Chapter 3 - Current available hardware architectures

 

As of today two major commercial solutions control the market of 3D graphics specialized hardware: NVIDIA and AMD/ATI. ATI is behind the Radeon series while NVIDIA is responsible for the GeForce, Quadro and Tesla line. This chapter tries to cast some light on the state of the art of current available graphics hardware architecture perfectly aware, due to the rapid development of new solutions, how rapidly the proposed material can become obsolete.

3.1 - NVIDIA GT200 series

GTX295

Figure 3.1: NVIDIA GT295 series (image courtesy of NVIDIA group).

The GeForce GTX 200 series represents the tenth generation of NVIDIA's graphics cards. Precursor to this series are the GeForce 8 and 9 series which share the same shader model architecture also known as Unified Shader Model (or Shader Model 4.0 under DirectX 10). Latest unveiled model of the GTX200 family are GTX285 and GTX295 released in January 2009. The 295 (see Figure 3.1) model introduces a dual GPU architecture in terms of a pair of updated GT200 (referred to as GTX200b) with 240 processors each boosting the total number of shader cores to 480. Each GTX200b chip features also 80 texture units, 30 render back ends (RBEs or ROPs) and 448-bit memory interface. It supports multi-display desktop mode, therefore enabling stereoscopic 3D visualization, increased multi-thread architecture and less power consumption.
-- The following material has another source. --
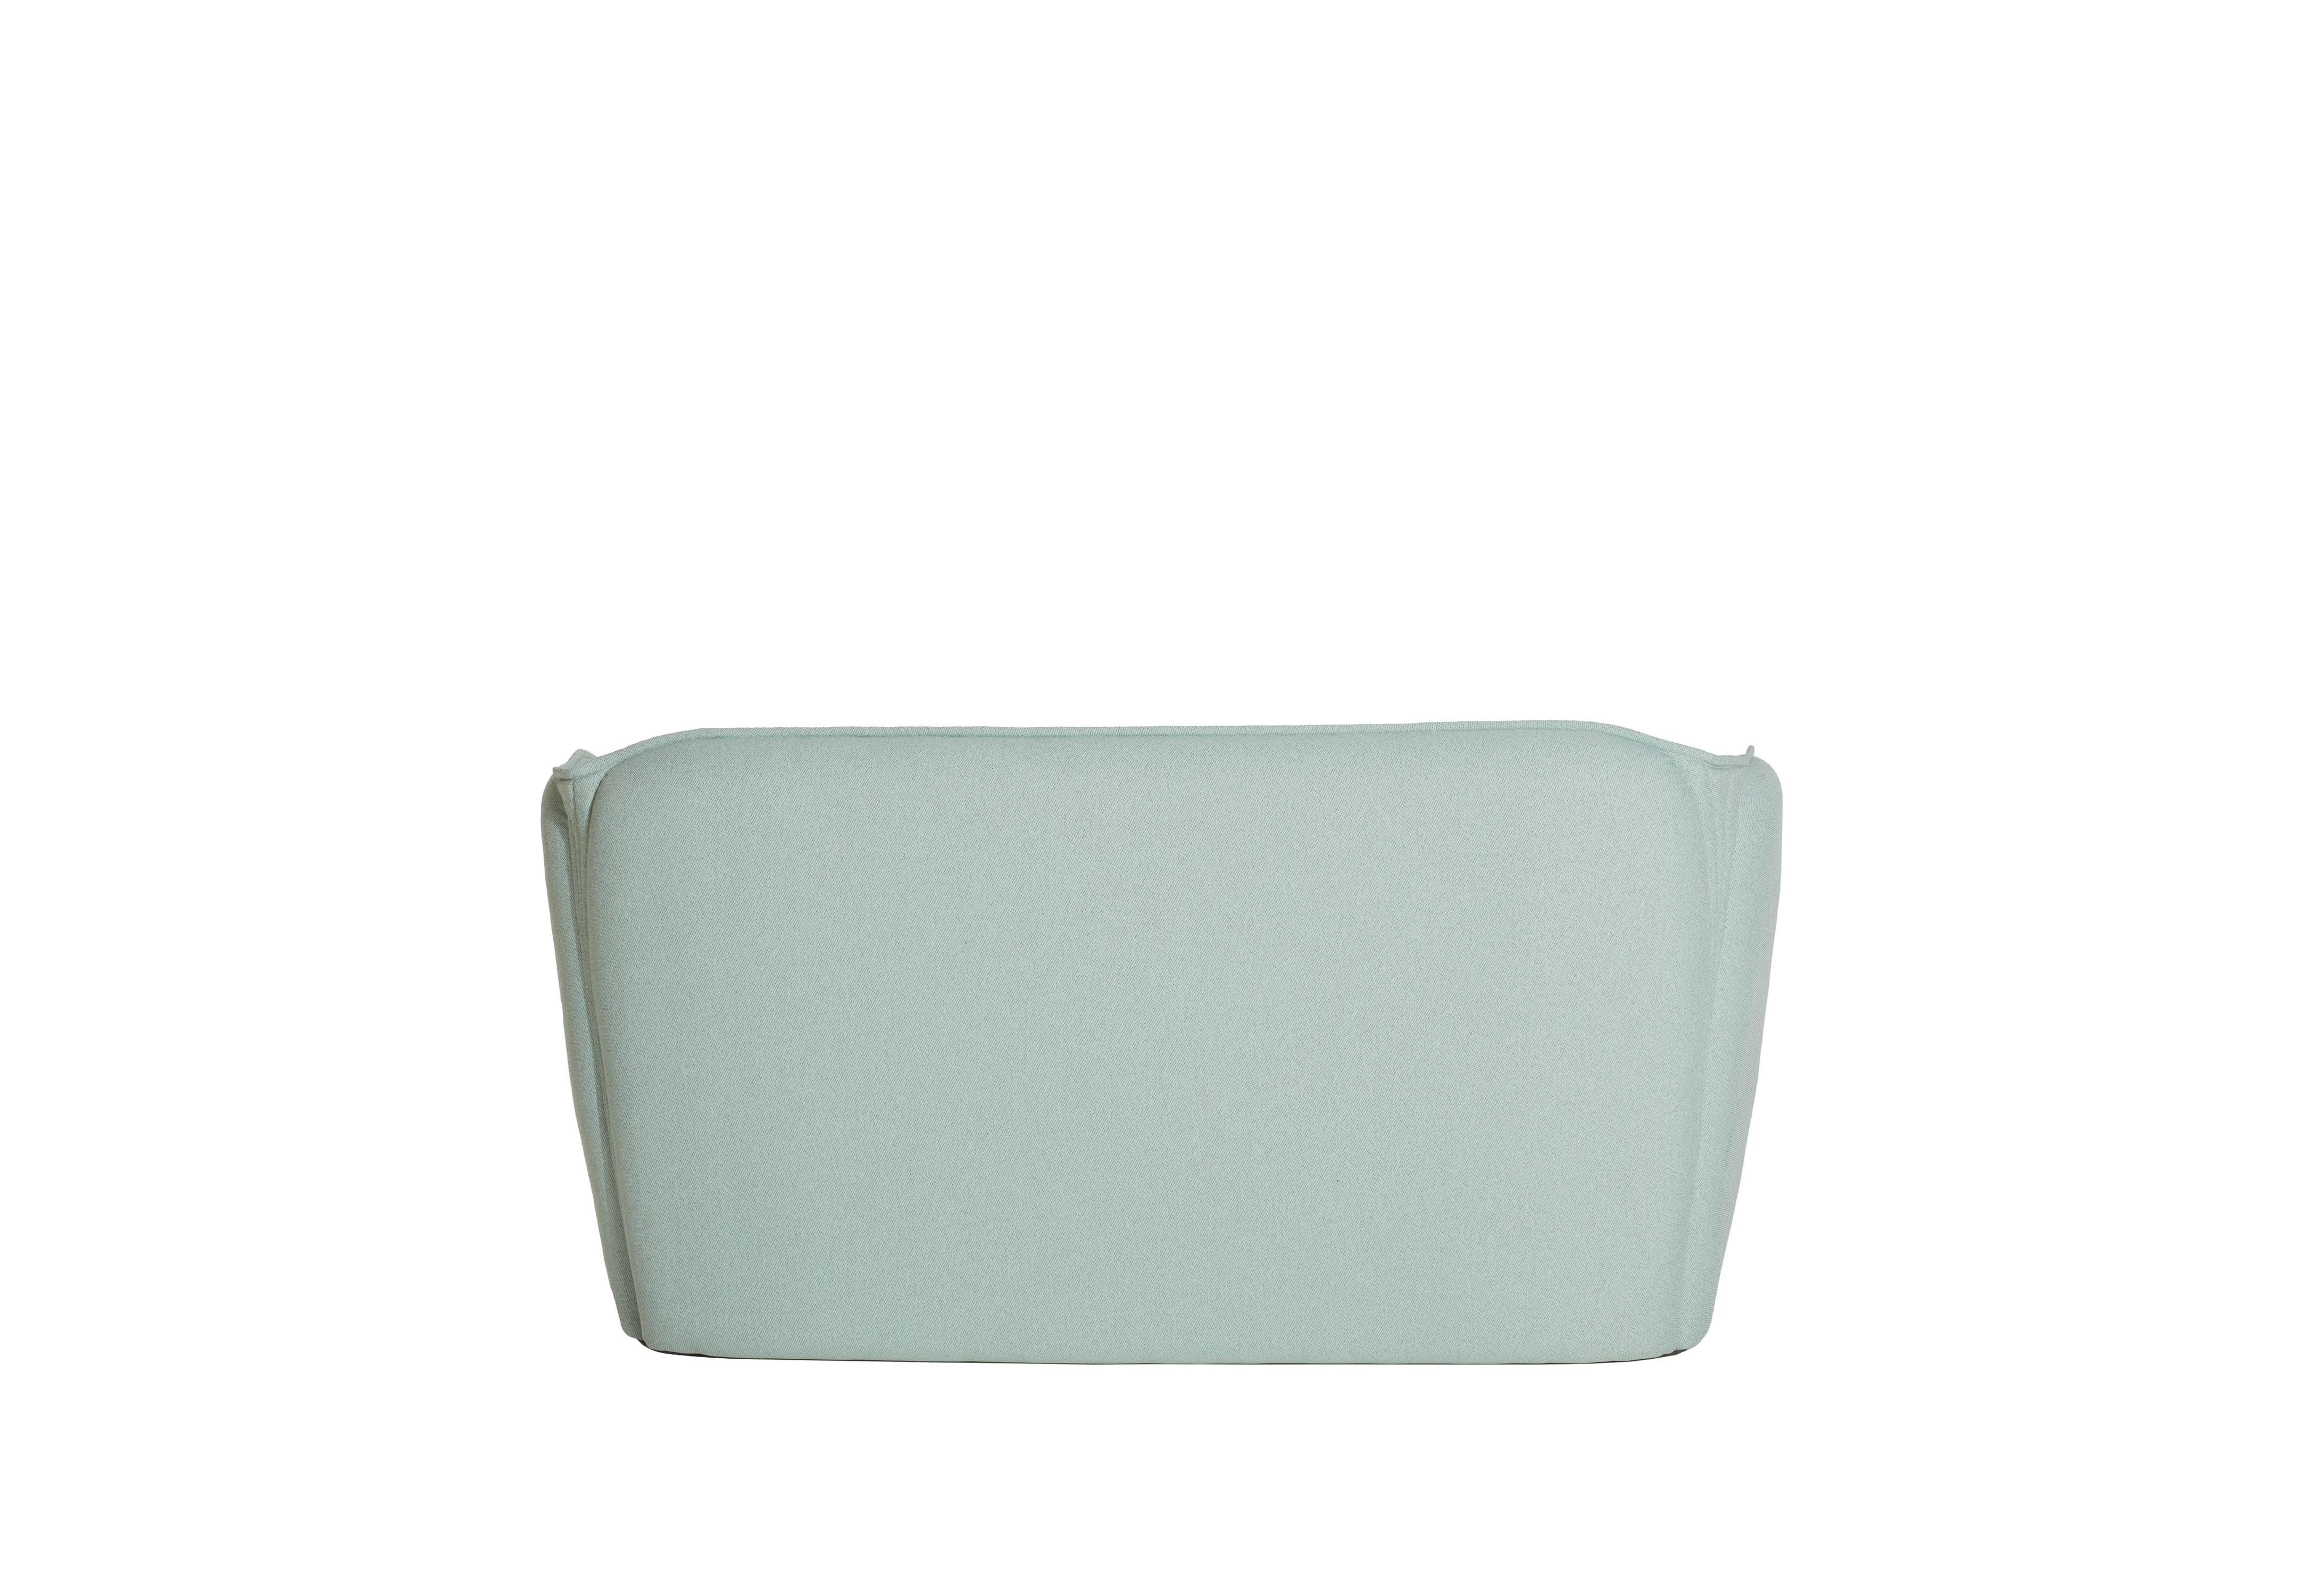 Petite Friture Lily Sofa in Light Blue by Färg & Blanche, 2022 In New Condition For Sale In Brooklyn, NY
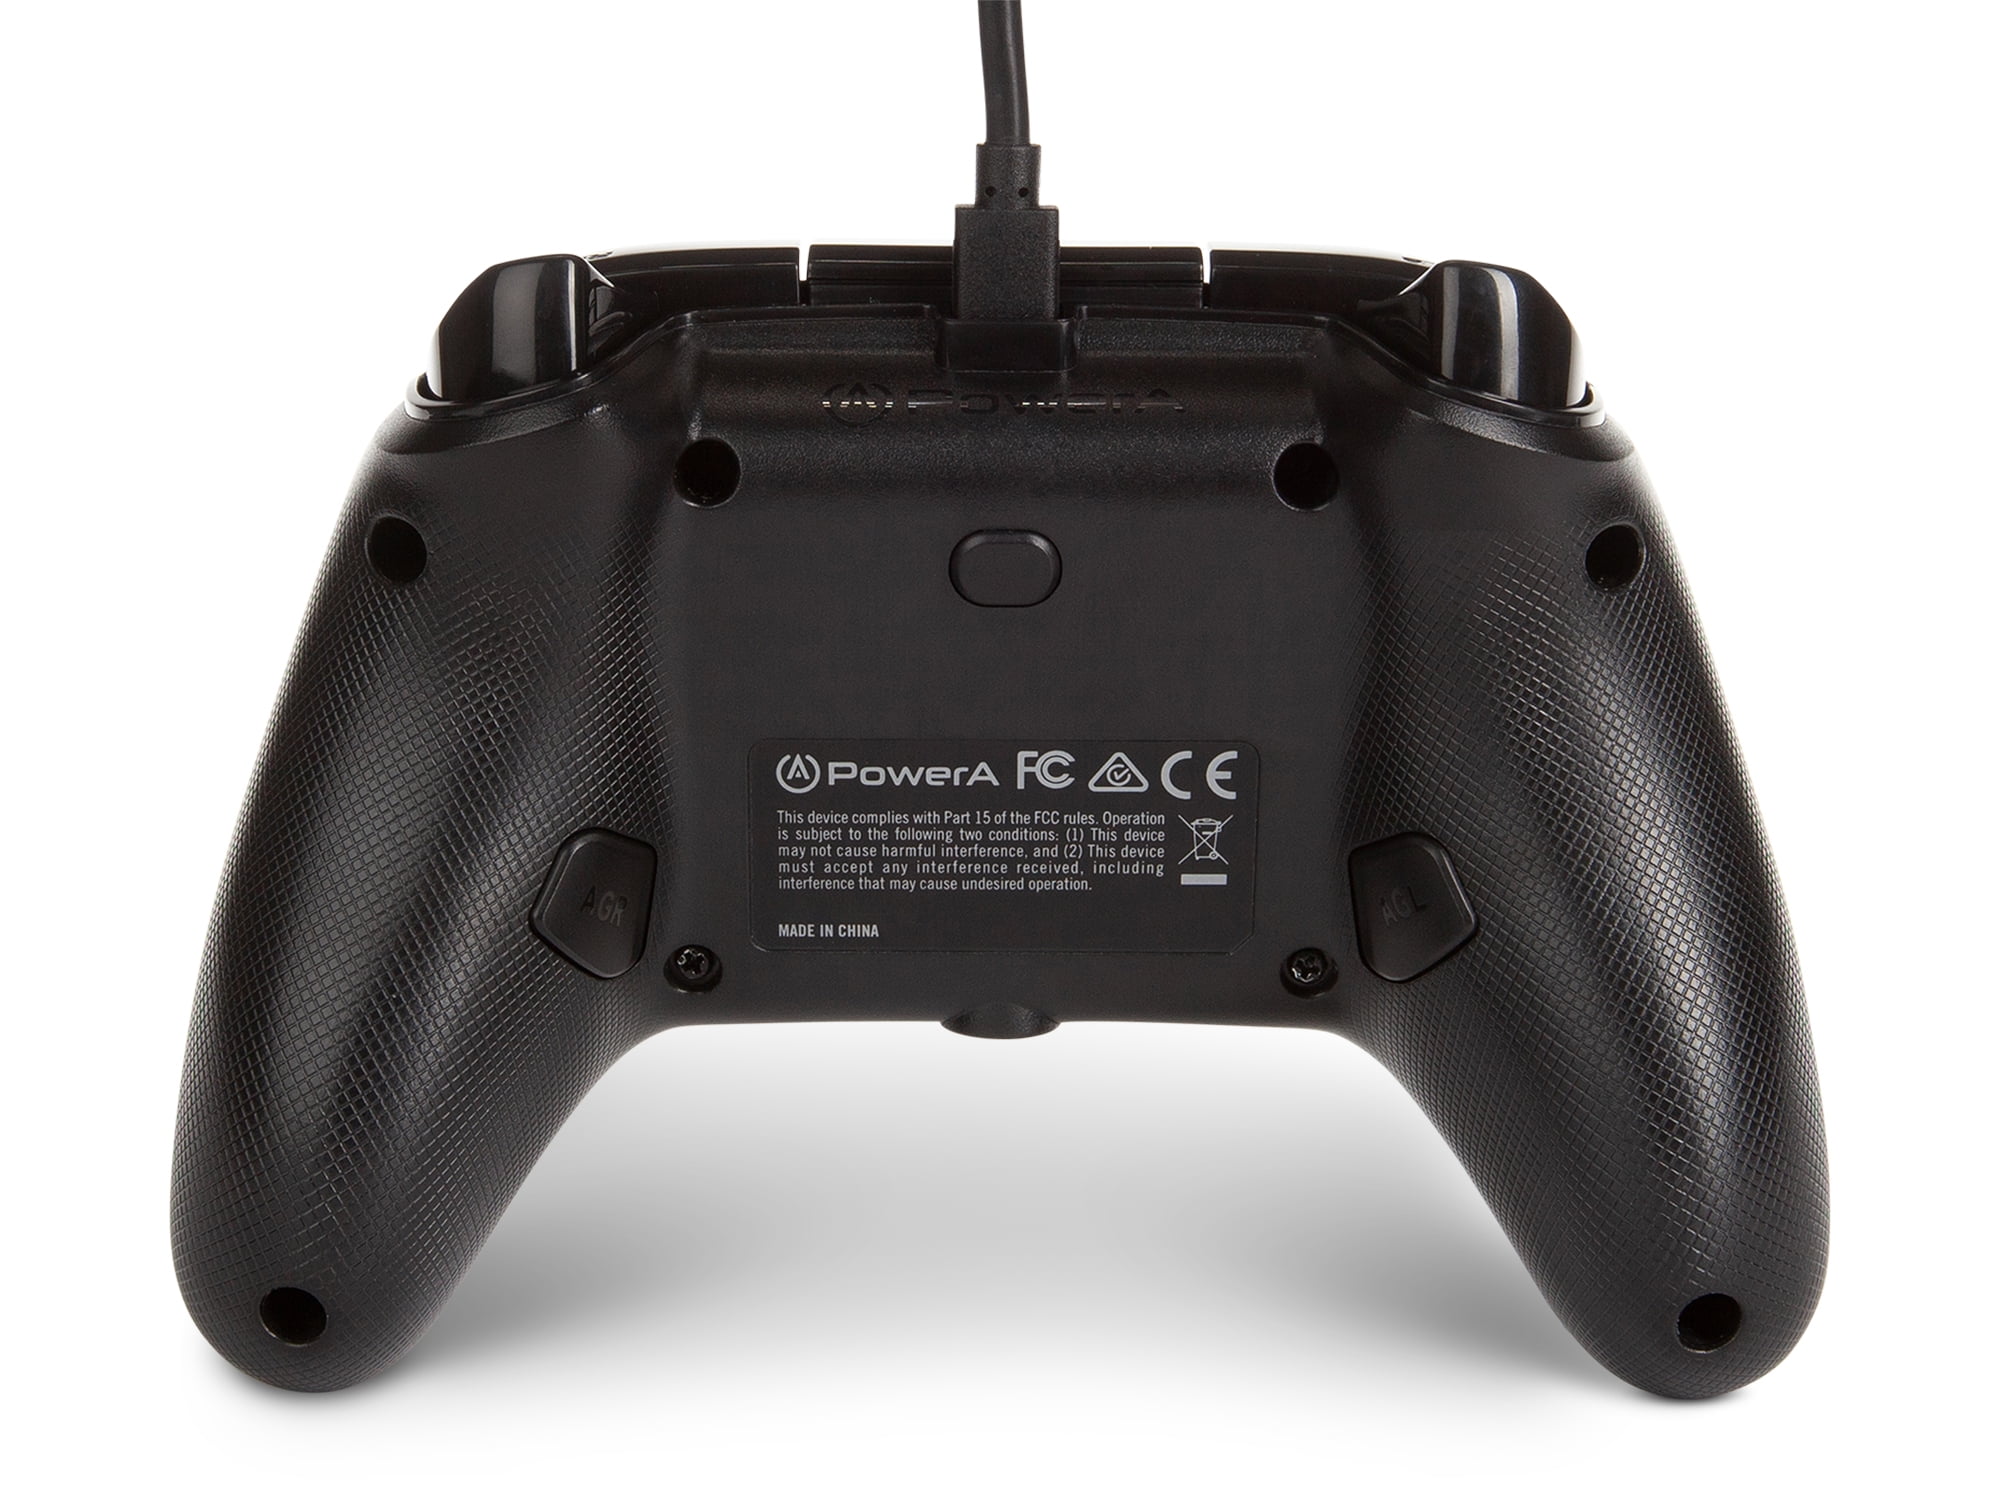  PowerA Wired Officially Licensed Controller For Xbox One, S, Xbox  One X & Windows 10 - Black : Video Games

The 285 model is still a single GPU model represents a step up from the GTX 280. As the GTX295 model it relies on a GTX200b architecture which increases the performance by at least 15% with respect to its 280 ancestor.

Designed to support CUDA technology, the GTX200 architecture is claimed to be OpenCL compliant as well, with respect to future OpenCL releases.

3.2 - ATI Radeon R700 series

RV770

Figure 3.2: ATI Radeon R700 series (image courtesy of AMD/ATI group).

The ATI Radeon R700 series (see Figure 3.2) represents the graphics processing unit series released by AMD/ATI Graphics Product Group. Based on the RV770 chip its architecture extends the R600's unified shader architecture by increasing the stream processing unit from 320 to 800 units grouped into 10 SIMD cores. The RV770 chip features also 40 texture units and 16 render back ends (RBEs or ROPs) and 256-bit memory interface.

Designed for dual GPUs architectures and being the first chip designed to fully support GDDR5 memory the RV770 chip has been employed in the manufacturing of the Radeon HD 4870 released in August 2008. With a stream power of 640 shader processors the Radeon HD 4870 X2 features 2 GB GDDR5 memory, while the Radeon HD 4850 X2 still being a dual GPU architecture relies on a cut down version of the RV770 GPU referred to as RV770 LE adapted for a 256-bit GDDR3 memory interface.